The horsekick data give the number of soldiers in the Prussian cavalry killed by horse kicks, by corp membership and by year. The years are from 1875 to 1894, and there are 14 different cavalry corps: the first column corresponds to the guard corp and the other columns to corps 1 through 11, 14, and 15.
The data are famous because they seem to fit the Poisson model reasonably well. Source
You will likely need to reformat the data.
a. Test whether there were differences in the number of deaths between companies.
b. Was any year particularly bad for deaths?
For the unit recap, we will use the “state.x77” dataset that comes preloaded in R.
Population Income Illiteracy Life Exp Murder HS Grad Frost Area Alabama 3615 3624 2.1 69.05 15.1 41.3 20 50708 Alaska 365 6315 1.5 69.31 11.3 66.7 152 566432 Arizona 2212 4530 1.8 70.55 7.8 58.1 15 113417 Arkansas 2110 3378 1.9 70.66 10.1 39.9 65 51945 California 21198 5114 1.1 71.71 10.3 62.6 20 156361 Colorado 2541 4884 0.7 72.06 6.8 63.9 166 103766
a. Check the structure of your data.
b. Convert it into a data frame.
c. Rename problematic variable names in your new data frame.

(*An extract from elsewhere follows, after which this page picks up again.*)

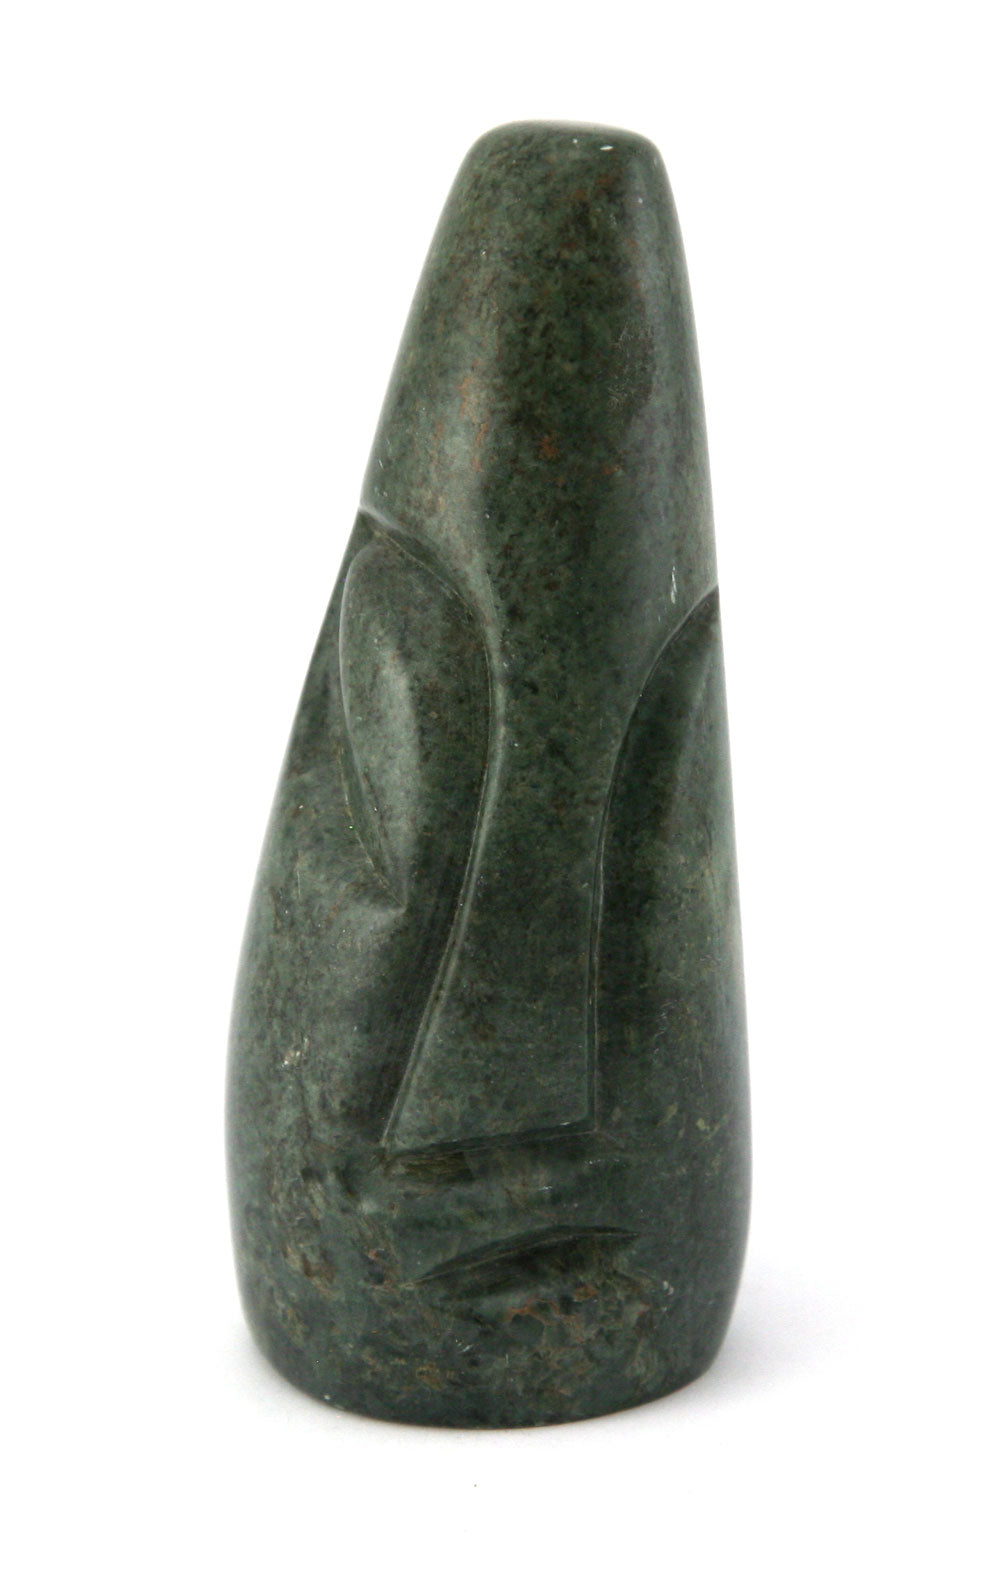 Vanassa Rangisse - Shona Stone Carving (M1567)

a. Explore the data in the following ways to identify variables associated with life expectancy (identify at least 2) i. Using pairwise plots of variables i.e. plot the dataset ii. Using a PCA and associated biplot (if you’re having trouble reading the plot, either get rid of your row names, or scale your point size down with the cex = argument).
b. Do a simple regression for each association identified. Which one fits best?
c. Plot each of these associations. Make sure to give your plots proper axis labels and a title. Add the fitted line to each plot, give it a color other than black, and double its line width.
d. Now do a multiple regression with all of your predictors. Are all the predictors you identified in 2a still important?
a. Maybe we have an expectation that there’s an important threshold at 50% high school graduation rate, and wish to model this. Convert the high school graduation variable into a binary dummy variable, where <50% is 0 and >50% is 1.
b. Model your new binomial graduation variable with logistic regression, using any predictor you think might be important.
c. Plot this relationship, give your plot proper labels, and include the fitted logistic regression line (which you’ll have to predict)
a. Check the distribution of the population variable. Does it appear normal? What kind of model is needed for this type of data?
b. Check the distribution of the area variable. Does it appear normal?
c. Lets model population as a function of area
i. Transform your predictor (area) so that its normally distributed.
ii. Make the model. Is area a significant predictor of population?
iii. Model this relationship without specifying the family argument (i.e. make glm() think your response variable is normally distributed). Is area still important?
You will need to write R code to answer each of the questions.
Please format your answers as follows:
Copy and paste each question, commented out. This ensures that we know which answer corresponds to which question.
Write your R code answer below each question.
It should look something like this:
# LAB: Unit 1. Lab 1 # Your Name # Put your name here # 1. Add 7 and 3,456. 7 + 3456 # 2. Assign this value to an object x <- 7 + 3456
Log into Canvas.
Go to the Assignments page.
Under ‘Labs’, you should find the correct assignment.
Copy and paste your R code into the text box.
Click ‘Submit Assignment’.
You are permitted to submit your answers as many times as you like within each Unit.
Answers will be graded two or three times a week and re-opened if you submit early.
Each lab will close at its respective deadline (see Canvas).
Final grades for each lab will be computed and entered into the Canvas gradebook at the end of each Unit.